Consider a real number $A$, and take it to the power $i$. If our system of complex numbers is to be consistent, then $A^i$ must be a complex number; in other words, there must be two real numbers $x$ and $y$, which depend on $A$, such that:

$A^i=x+iy$

Furthermore, we can write $A^{-i}=x-iy$ for the same $x$ and $y$. Hence:

$x^2+y^2=(x+iy)(x-iy)=A^iA^{-i}=A^{i-i}=A^0=1$

We have shown that for any real number $A$, $|A^i|=1$, and therefore $A^i$ corresponds to a complex number which lies some angle $\theta$ along the unit circle.

Now consider the sine and cosine functions for extremely small angles $\epsilon$. A tiny angle $\epsilon$ cuts out a slice of the unit circle, and the curvature of the circumference over this small angle is negligible.
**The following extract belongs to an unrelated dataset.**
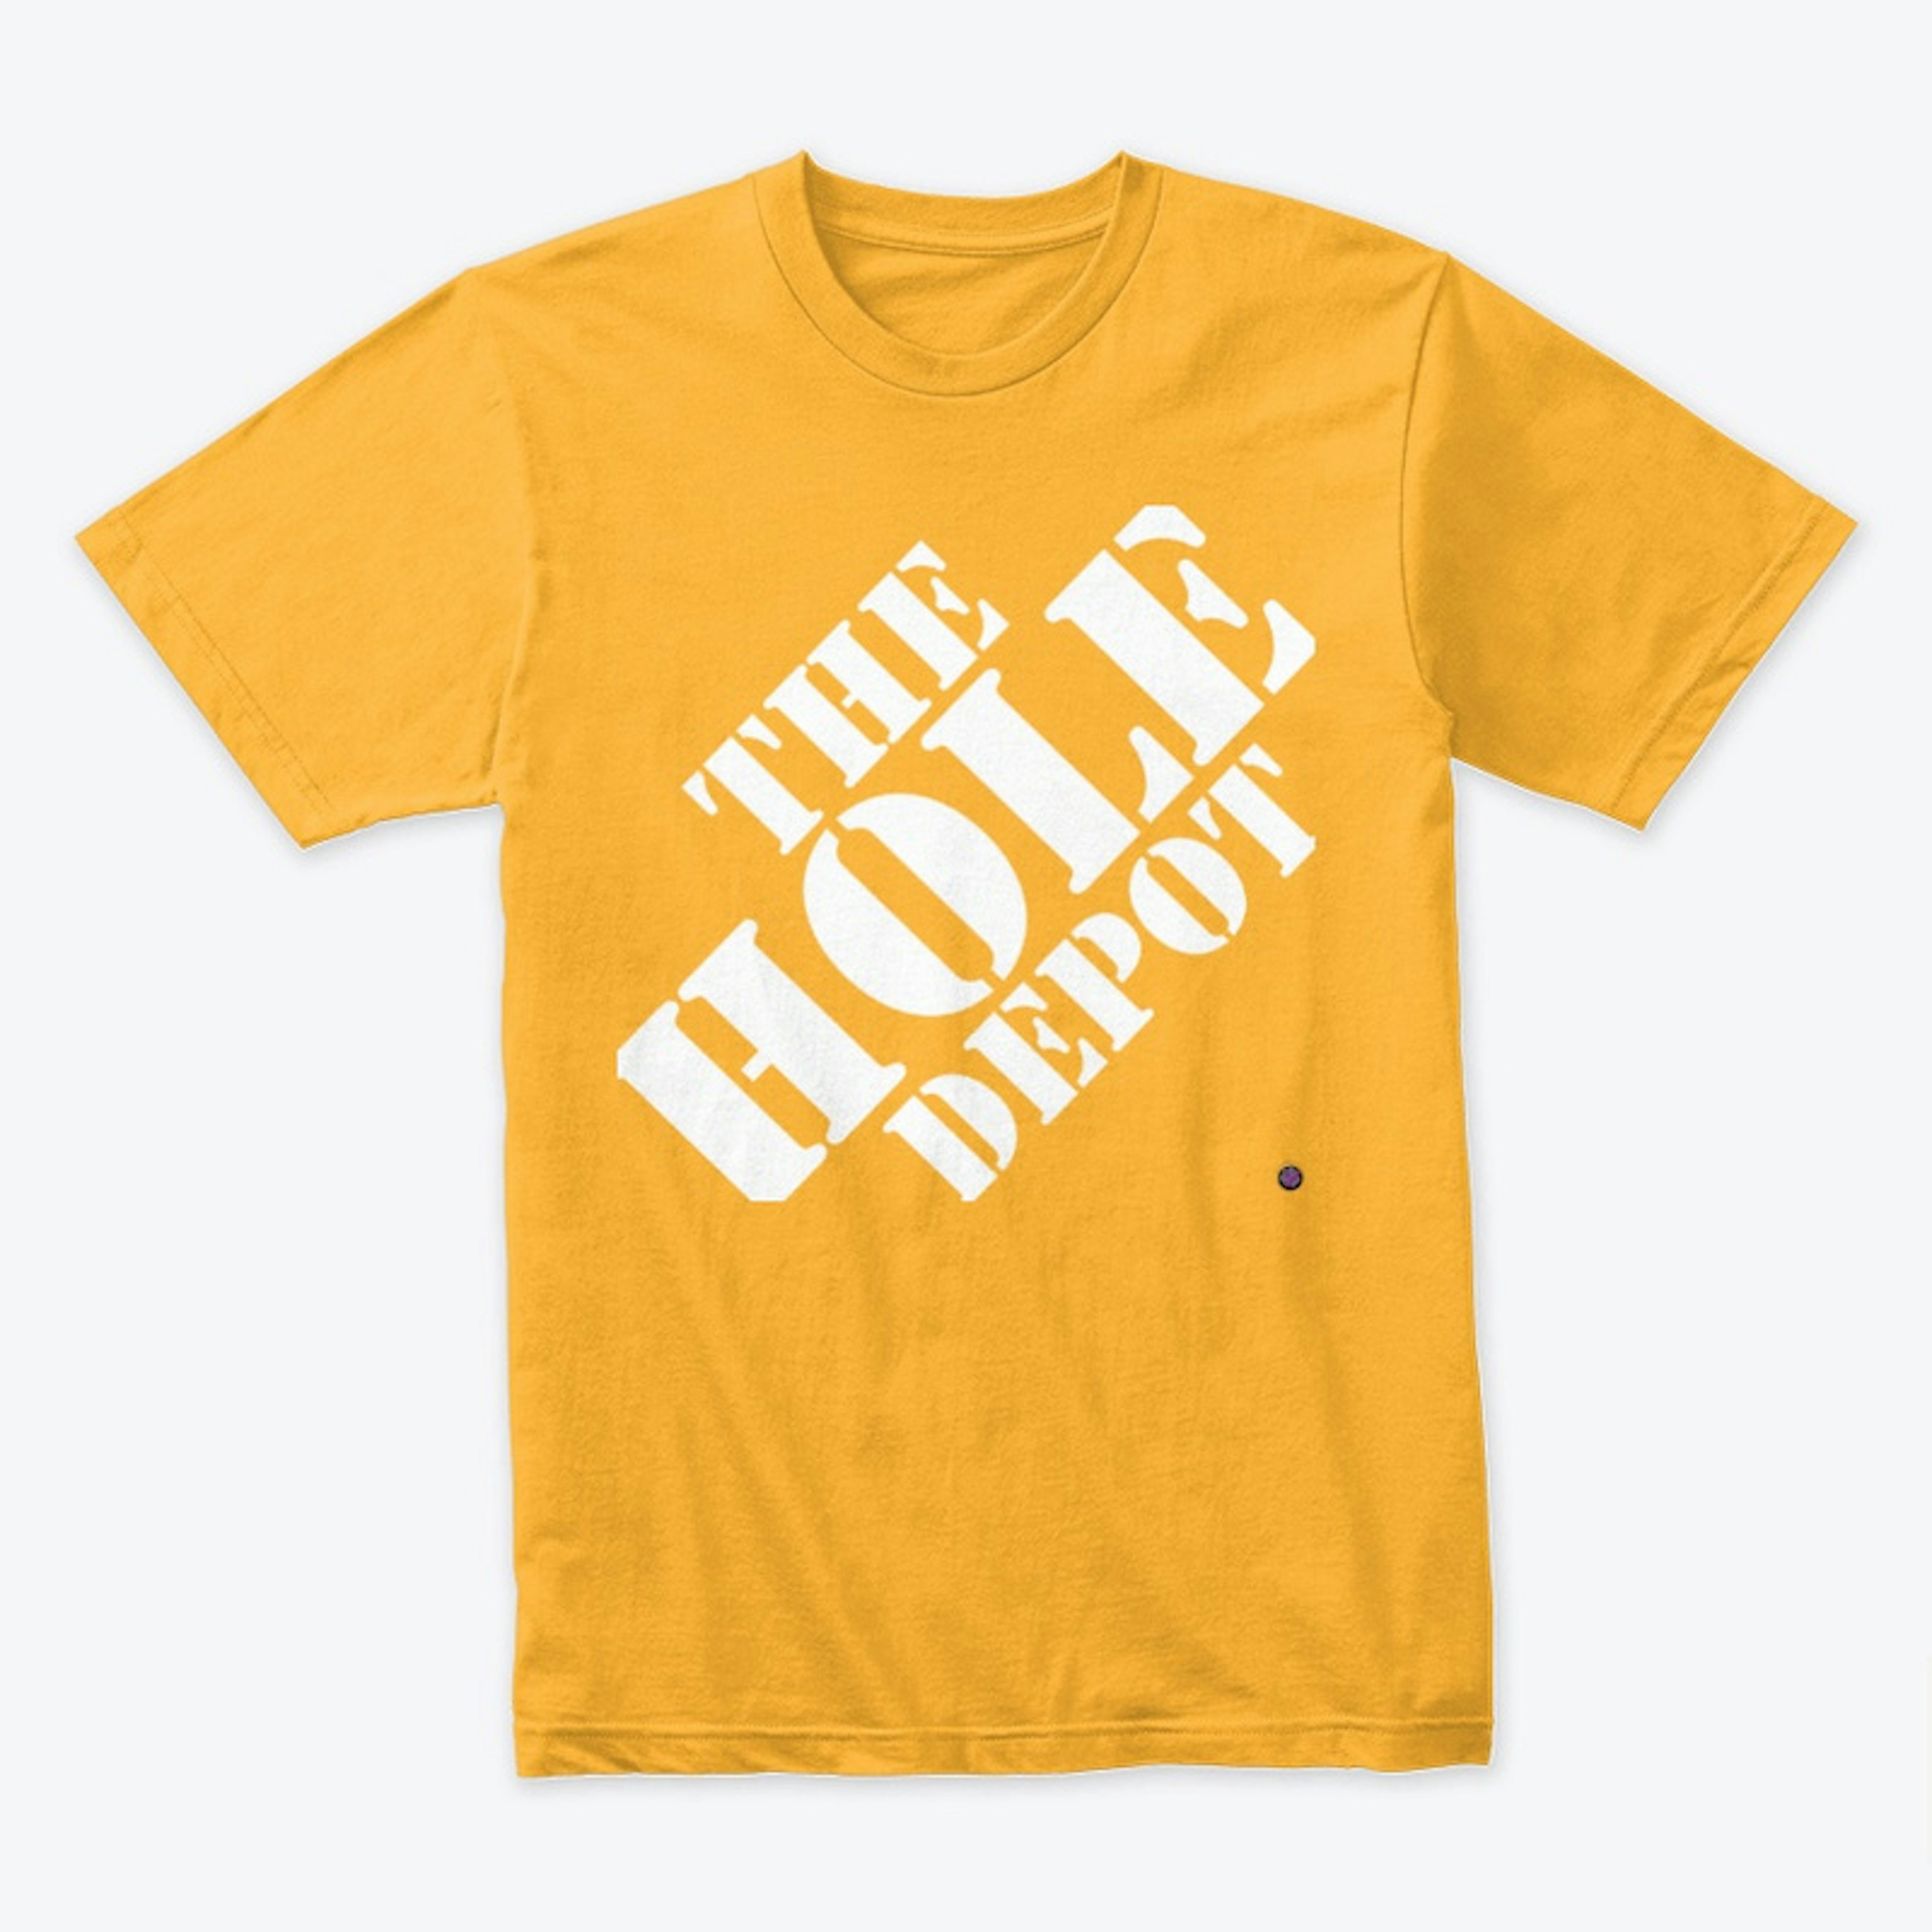 The Hole Depot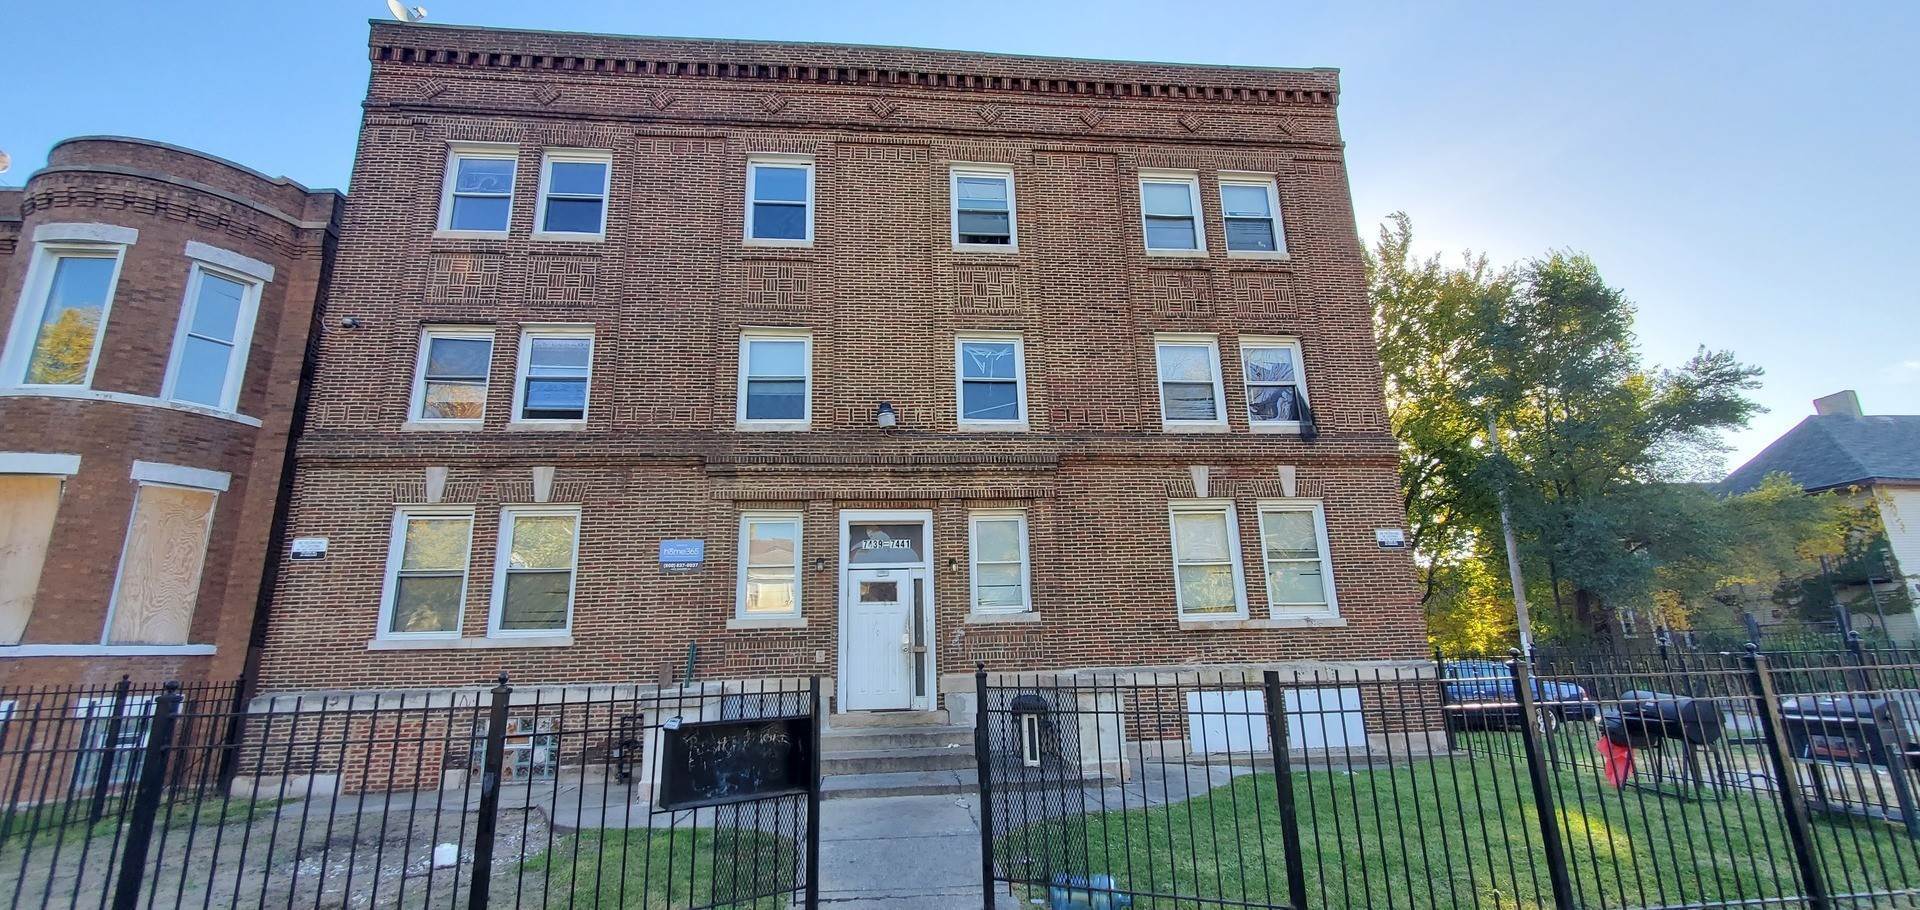 Single Family at Greater Grand Crossing, Chicago, IL 60621

We can therefore think of this slice as a right triangle with angle $\epsilon$, and the hypotenuse and adjacent sides are both length one since they correspond to the radius of the unit circle.

Using the formula for the arc length of a circle, it's easy to determine that in the right triangle formed by the small angle approximation, the length of the side opposite to the angle $\epsilon$ is equal to $\epsilon$. We can read off the $(x,y)$ coordinates from this diagram (which are $(cos(\epsilon),sin(\epsilon))$), and therefore we conclude that for very small angles $\epsilon$:

$sin(\epsilon) \approx \epsilon \hspace{10mm} cos(\epsilon) \approx 1$

therefore $cos(\epsilon) + isin(\epsilon) \approx 1+i\epsilon$, and hence for real numbers $A$ which are extremely close to one (so that $lnA$ is small), the complex number $A^i$ lies approximately at an angle $lnA$ along the unit circle, since $A^i=e^{ilnA}\approx 1+i(lnA)$.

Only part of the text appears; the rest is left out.